A bright day—and a lot of work ahead
The new president and his administration must meet some (appropriately) high expectations on multiple fronts (COVID-19 pandemic response, health care, economic recovery, immigration reform, civil rights, and addressing systemic racism, just to name a few) and it will be crucial to keep reminding him of the urgent need to act on climate as part of that high priority list. President-elect Biden and Vice President-elect Harris ran on an ambitious climate and clean energy platform, and we will need to hold them to those commitments as much as possible, while also putting pressure on Congress to step up and do its part.
The political realities in Congress remain sobering. We have yet to see a strong bipartisan commitment to climate action. (Frankly, it’s been a while since we’ve seen bipartisan commitment to much of anything.) The outcome of the Senate election (which is still not final) indicates that right now there isn’t a straightforward pathway to getting the 60 votes needed in the Senate to pass a sufficiently ambitious climate bill.
And that’s no accident, in large part because powerful fossil fuel interests continue to stymie progress on climate action while enriching themselves. Some fossil fuel companies are now seeking to reinvent their strategies, making empty climate promises while trying to evade accountability and keep us locked into an energy system they knew half a century ago would destroy the climate. All the while exploiting bankruptcy proceedings to shirk their responsibility to provide retirement and medical benefits to the workers whose labor made them rich and to clean up the legacy environmental damage from the extraction and burning of fossil fuels.
This is all a reminder that the outside game—movement building—remains as important, if not more important, than the inside game in Washington. Policymakers rarely act boldly unless their constituents demand it. Our voices, from towns, cities, states and regions around the country, are vital in the fight ahead. We have to push the envelope of what is considered “politically feasible.” We have to change the politics, not just the policies.

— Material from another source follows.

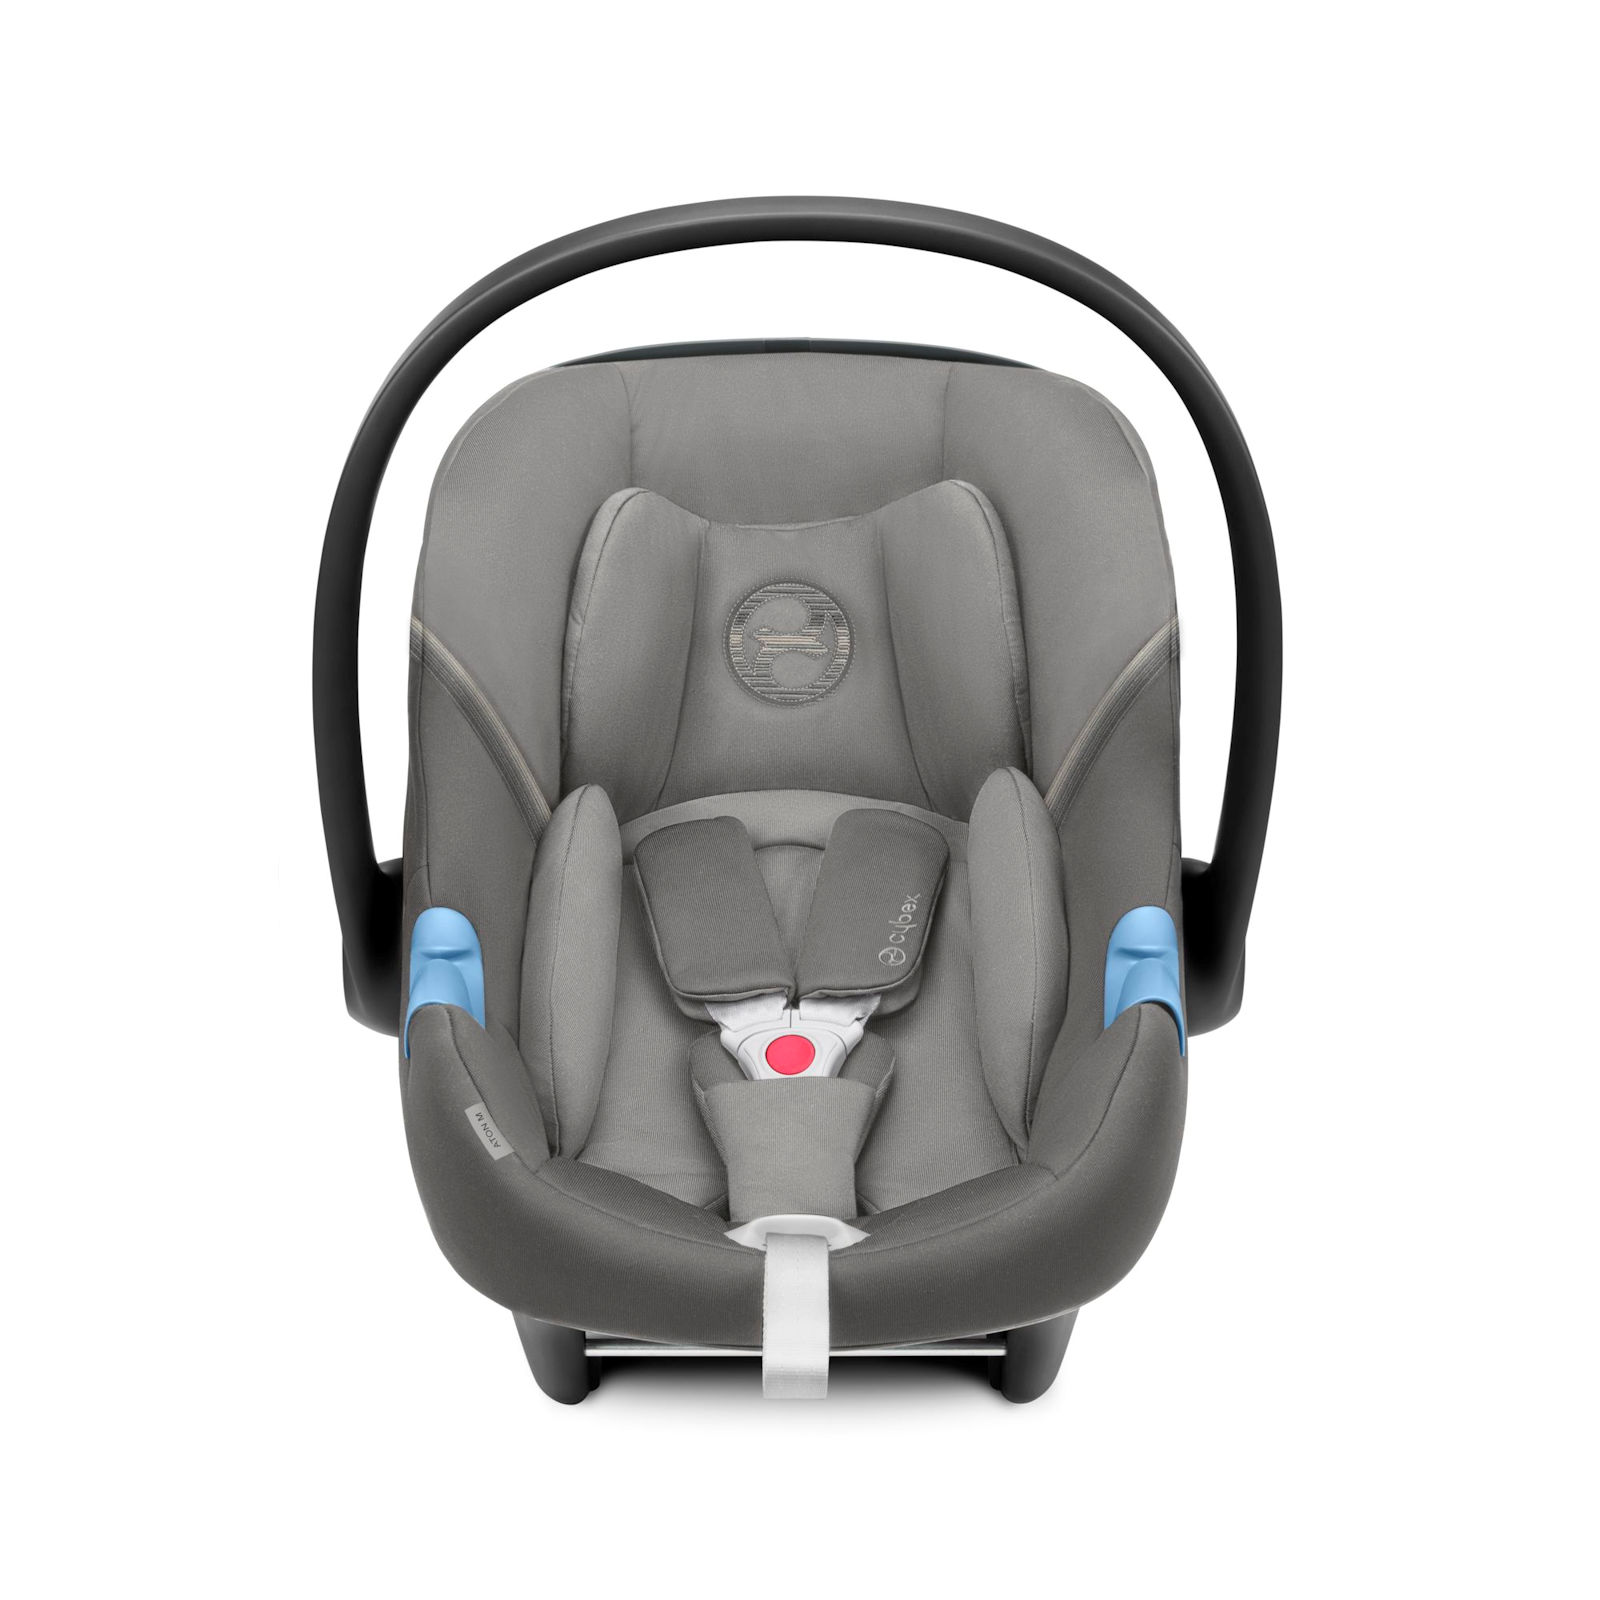 Cybex Aton M i-Size Group 0+ Infant Car Seat - Soho Grey

Our climate movement is now the broadest, most diverse, and most powerful it’s ever been, encompassing youth, EJ leaders, labor leaders, community activists, faith groups, businesses, environmental groups, and people of all political stripes. We may not agree on every policy detail, but we all see the urgent need for bold action, guided by science and fairness. We see the disproportionate toll the climate crisis and pollution from fossil fuels is taking on communities of color and low-income communities who have contributed the least to these problems. We see the need to look out for coal workers and coal communities who have kept the lights on for decades and are now being left behind. We see the need for acting in cooperation with other nations, big and small, for the global good.
The months and years ahead won’t be easy. Winning big victories often comes through lots of small fights for what’s important. I hope the spirit of what unifies our movement remains strong and bright, guiding us through those moments when our opponents will seek to divide us.
This election is a win for science
Despite the challenges ahead, there are a lot of reasons to be optimistic today. What I keep coming back to is that finally, once again, we will have a president who will be guided by science—whether it’s for mounting an effective response to the COVID-19 pandemic or responding to the climate crisis. We will also have a president who has pledged to actually prioritize the needs of ordinary people.
So now let’s make sure he hears us loud and clear. And don’t forget to also contact your senator and representative to let them know you expect them, too, to act on climate. Climate change should not be a partisan issue.
President-elect Biden, we’re counting on your leadership. We’re living in a climate emergency and it’s well past time we acted like it.